Access Radio

Yei, Central Equatoria; South Sudan;
- Frequency: 88.8 FM

Programming
- Languages: Local languages, English
- Format: Community radio

Ownership
- Owner: Community based

History
- First air date: 2021

Technical information
- Licensing authority: South Sudan Media Authority, National Communication Authority
- Transmitter coordinates: 4°06′07″N 30°39′57″E﻿ / ﻿4.101991°N 30.665699°E

Links
- Website: https://radioyei.org

= Access Radio =

Radio station in South Sudan

Access Radio is a community radio station based in Yei, Central Equatoria, South Sudan. It was officially launched in 2021 and broadcasts under the slogan "transforming communities". The station is licensed by the National Communication Authority, the statutory body mandated to license and regulate electronic communication activities and services in South Sudan

== Overview ==
Access Radio broadcasts to Yei, Lainya, Morobo, Kajo-Keji and parts of Juba County in Central Equatoria State. The station describes itself as an independent, community based initiative, producing programs "for the community, by the community, and about the community".
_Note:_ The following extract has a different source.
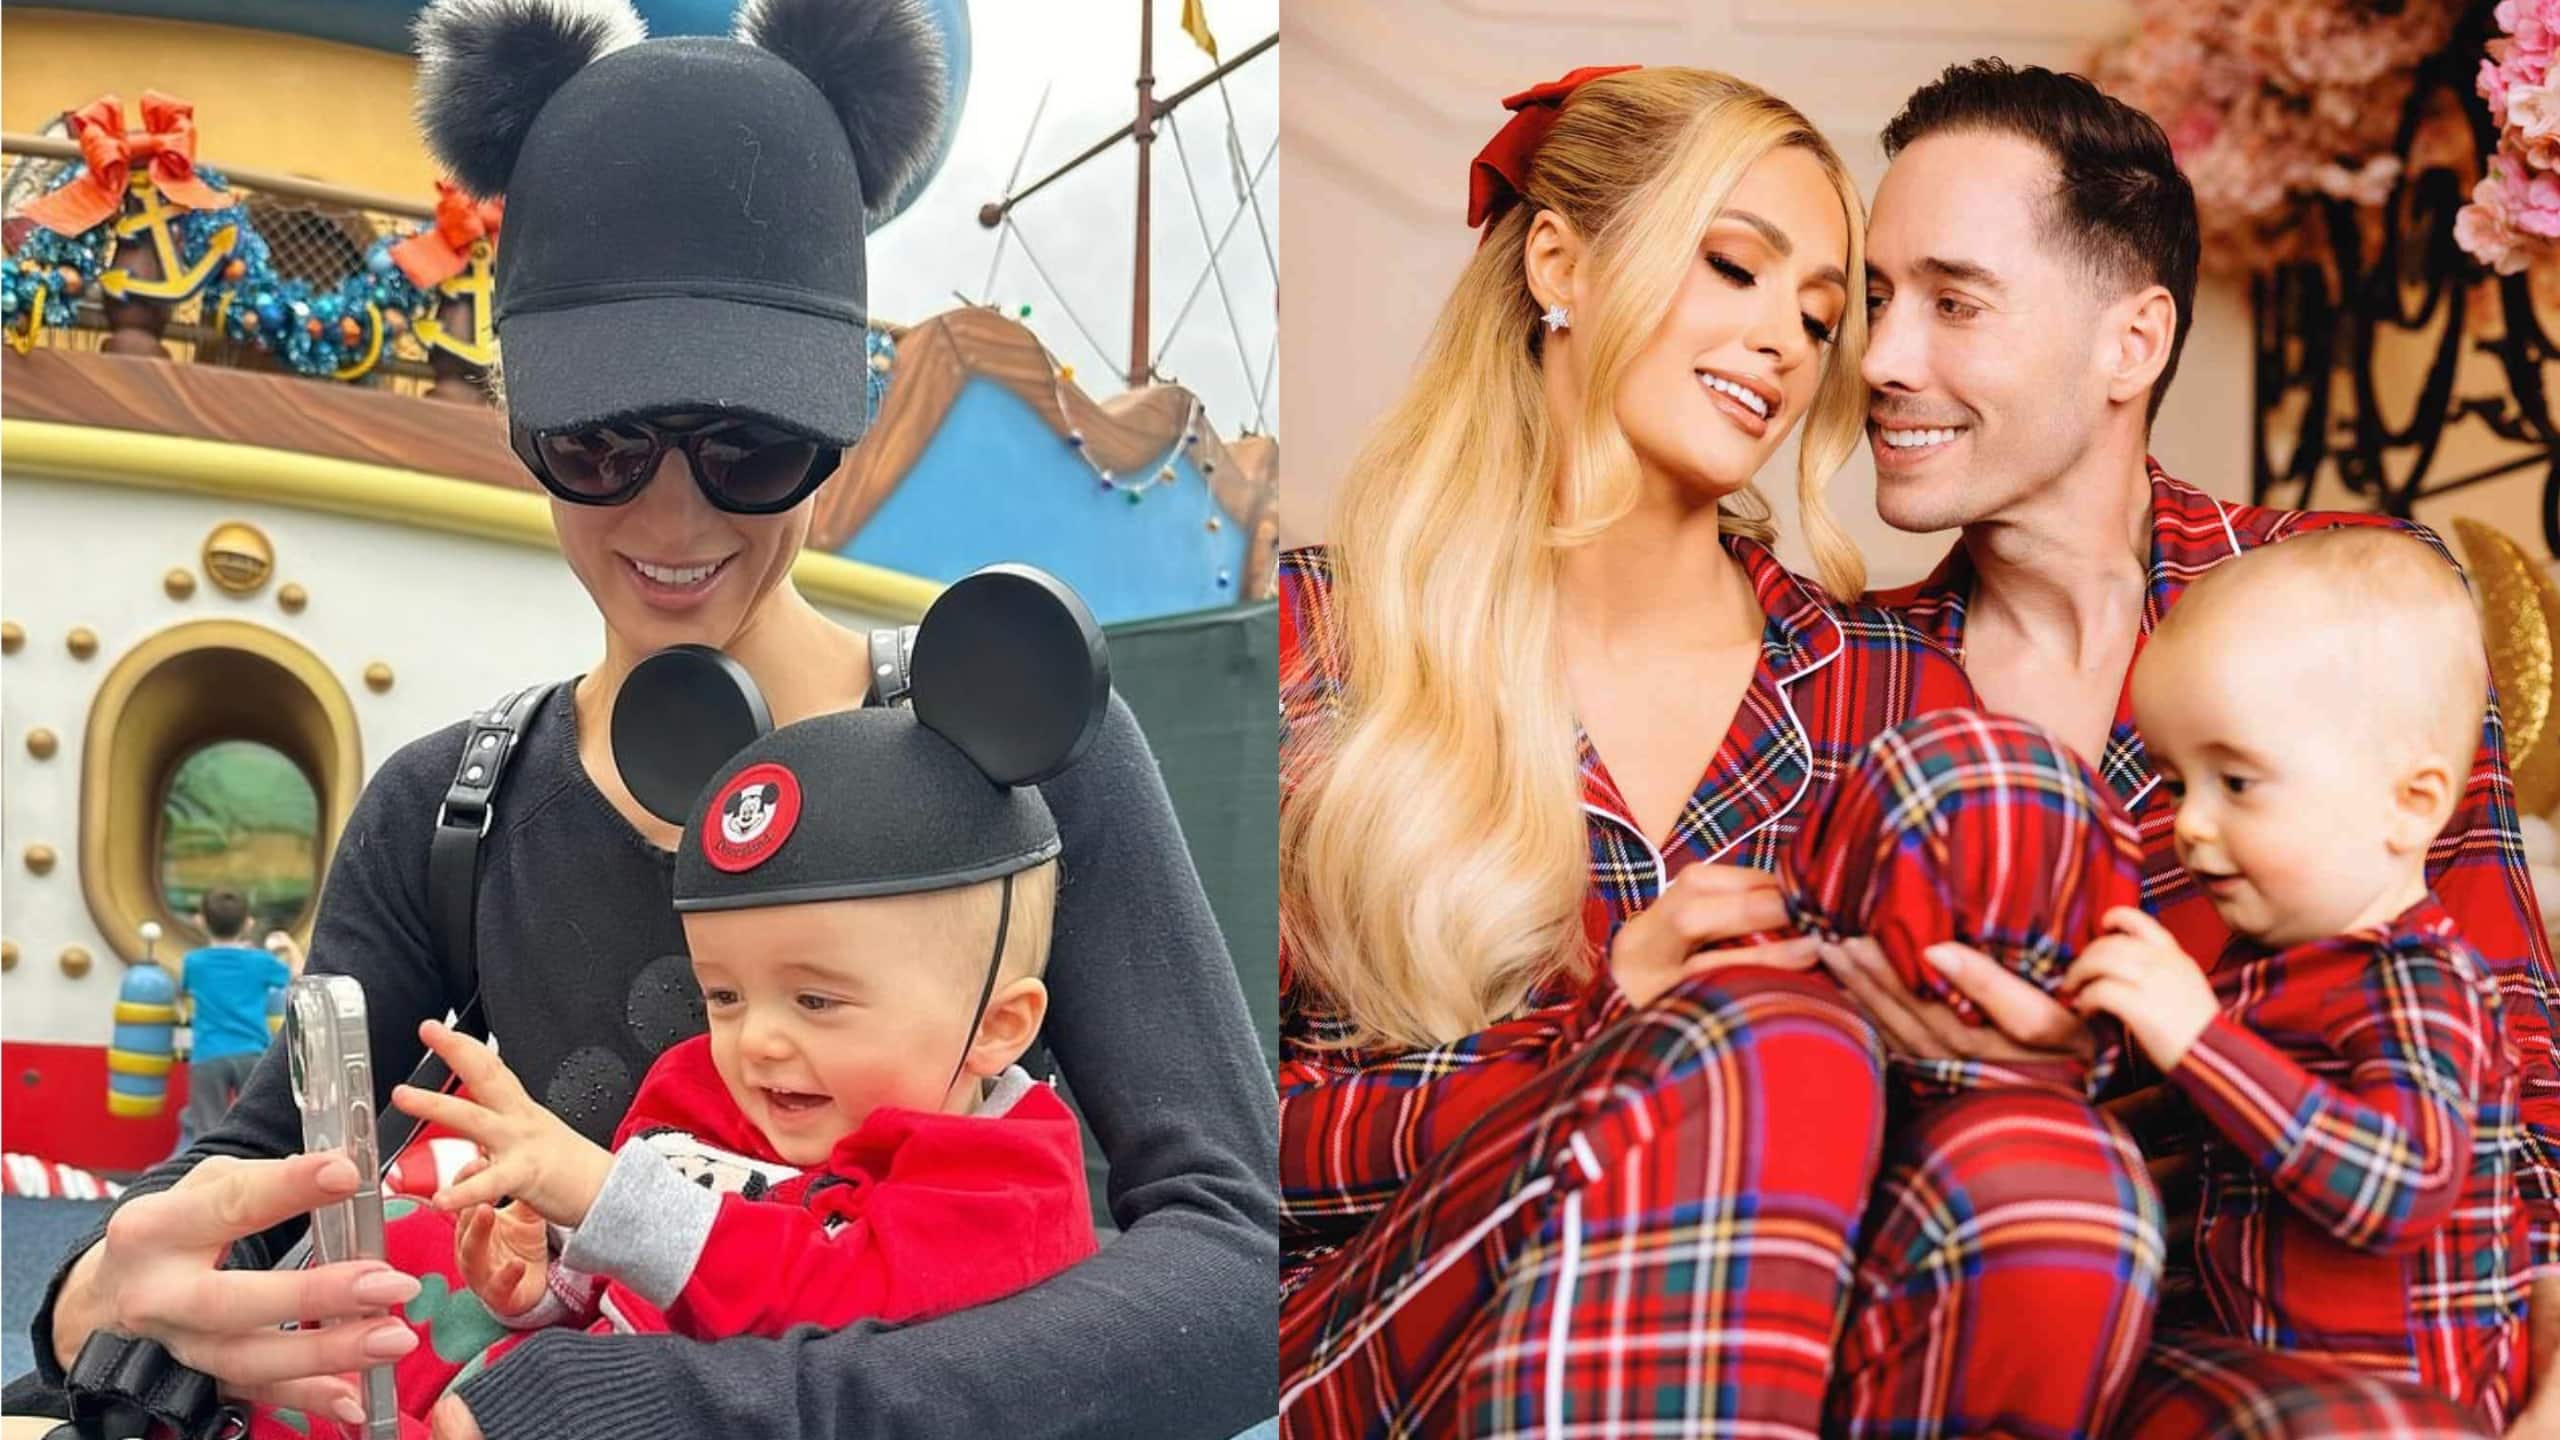 Paris Hilton celebrated Christmas with family. She took Phoenix to Disney Land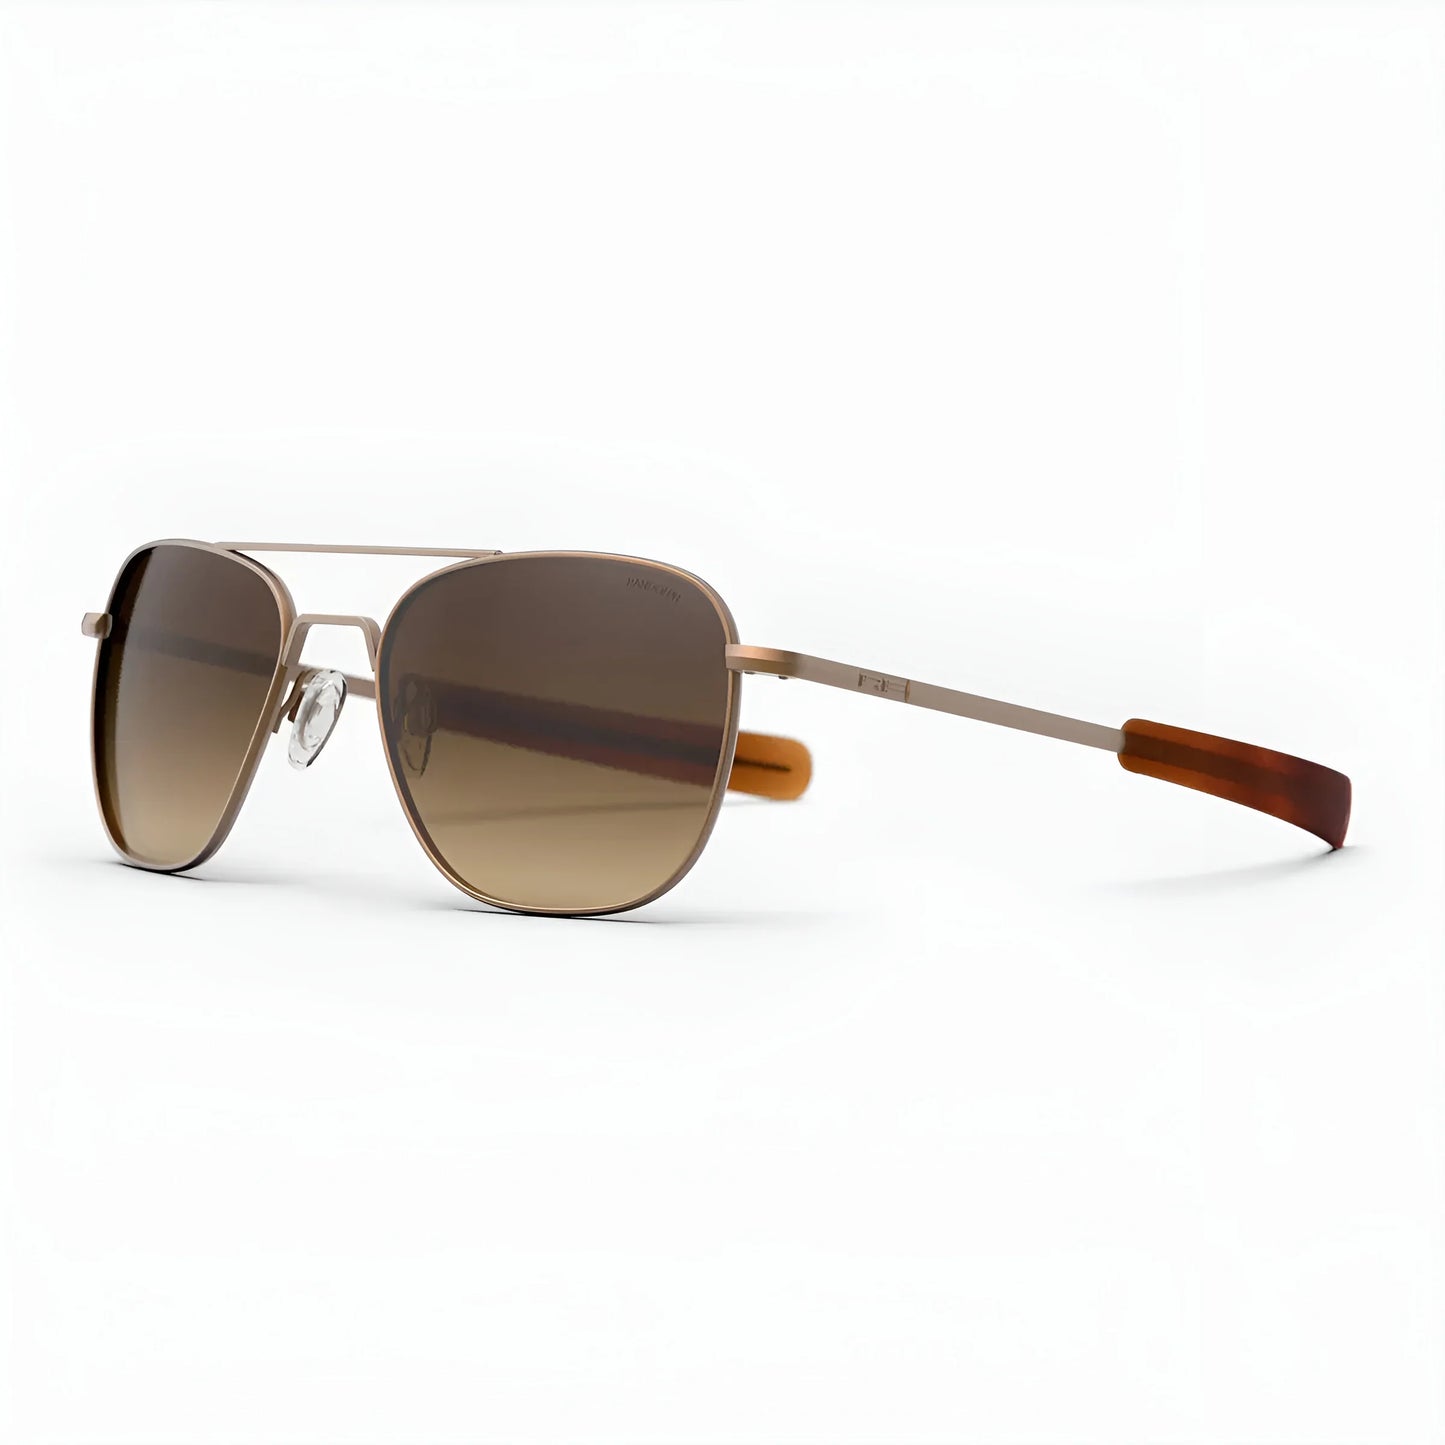 Randolph AVIATOR Sunglasses | Size 58 / 22k Satin Chocolate Gold / Cape Sand Polarized Gradient Nylon

Its stated goals include promoting peacebuilding, good governance, reconciliation, unity and cultural diversity. According to station managers, the radio aims to improve access to timely and reliable information, as well as to empower citizens through education and dialogue.

In November 2025, Access Radio expanded its services by launching online broadcasting, allowing its programmes to be streamed live via its official website.

According to station management, the move was intended to extend the station’s reach to audiences in other parts of South Sudan and to South Sudanese communities living abroad.

== Community role ==
Community leaders and local organizations have expressed support for the station. Activists and youth leaders in Yei have emphasized its potential role in peacebuilding, reconciliation, youth participation and women's empowerment.

In September 2021, the National Press Club (South Sudan) (NPC-SS), with support from UNESCO, conducted a two-day training for Access Radio journalists. The training focused on gender-sensitive reporting, basic journalism skills, ethics and protection of journalists. The initiative aimed to improve media coverage of gender and women’s issues in South Sudan.

Access Radio has also been a platform for development and peacebuilding organizations. For example, the Whitaker Peace and Development Initiative (WPDI) partnered with the station for radio talk shows on peace and youth engagement.